Help Support SkidSteer Forum:

mikeysp

New member
Joined
Jun 15, 2019
Messages
3
Howdy gents. I own a 2006 L180 with little more than a 1000 hours. When it works properly it serves me VERY well. It seems the weakness of my machine is in the electrical side. It is to a point where I do not want to take it anywhere but my own property as I worry it will shutdown elsewhere and create a much larger headache than I currently have. A couple weeks ago it screcched to a halt and the engine died. Restarted and ran a few minutes and STOP/died. Started again, 30 seconds stop dead. Now it will not start. When looking for trouble shooting, it seems I am not the first to experience electrical headaches with NH Skid. This has not been my first problem either. Why not rewire this machine to operate without the computer brain? Put in some relays and warning lights that utilize the various switches to light an LED to "inform you" rather than shut down the machine. Easy enough to keep the seat and safetybelt switches operational. I am asking this because I have not seen anyone offer this idea as a solution. I am by no means a real mechanic, so what am I missing? Thank you. -Mike
 
Because the problem is probably not the instrument panel. There are relays, diodes and switches more likely to be your problem.
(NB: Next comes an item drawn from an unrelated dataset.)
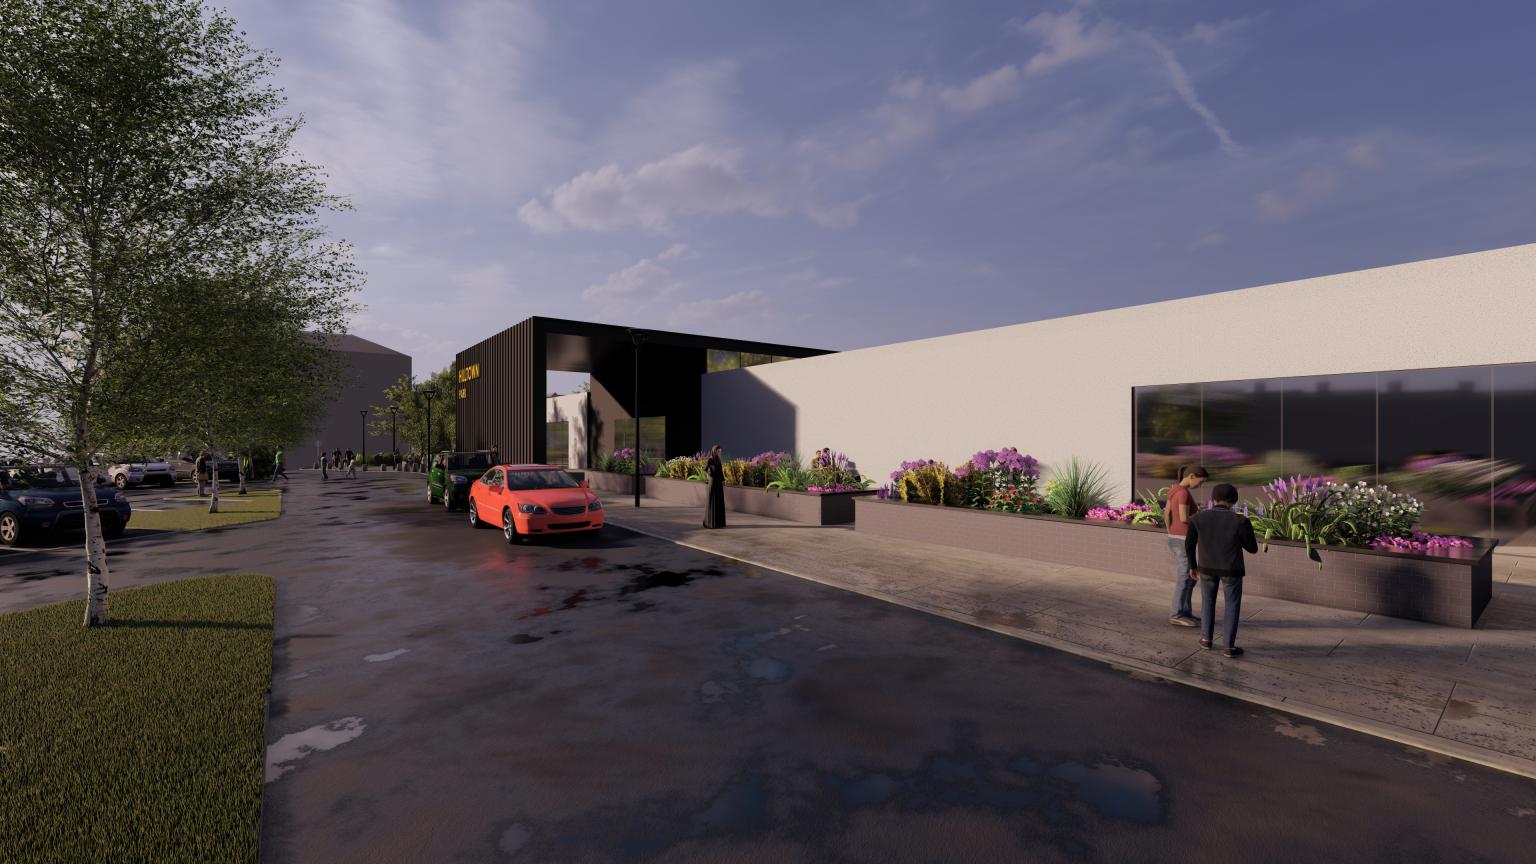 In Pictures: Brunton Design unveils Dundee leisure park proposal
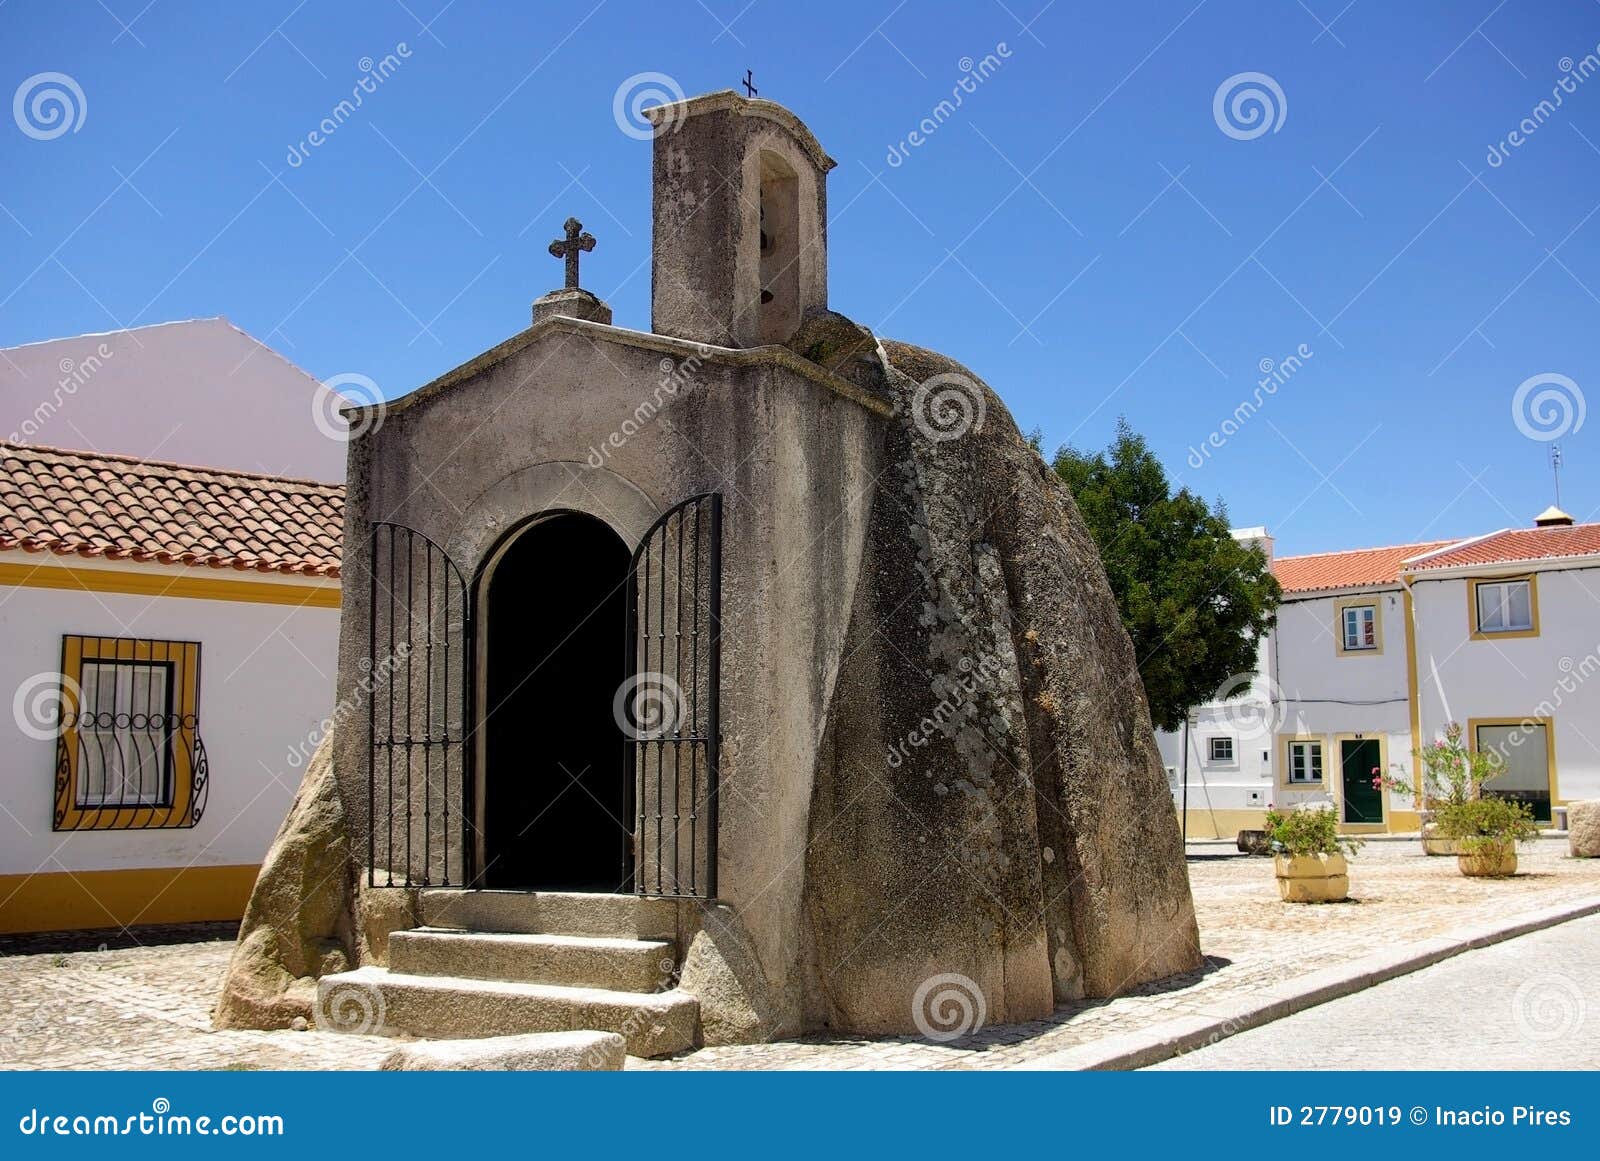 church from megalÃÂ­tic

You need to be more specific on the problem. Does the engine crank? The most common cause of the engine cranking but not starting is the auxillary hydraulics handle or foot pedal is not in the neutral position. This can also be the casue of the random shutdowns. The system is setup to shut the engine down if the aux hydraulics is engaged and the operator leaves the seat without pushing the aux over ride switch on the instrument panel. If bouncing over rough groud the operator can leave the seat momentarily and trigger the shut down. Lock the aux handle or foot pedal so you do not inadvertantly engage them. For a wiring diagram with the circuits color coded you can go to haytalk.com, forum, machinery and click on my pinned post at the top of the forum page titeled My NH Repair etc. Scroll down the first post in that thread to the skid loader section and find the link for the early L100 diagrams. You will need to join the forum to view.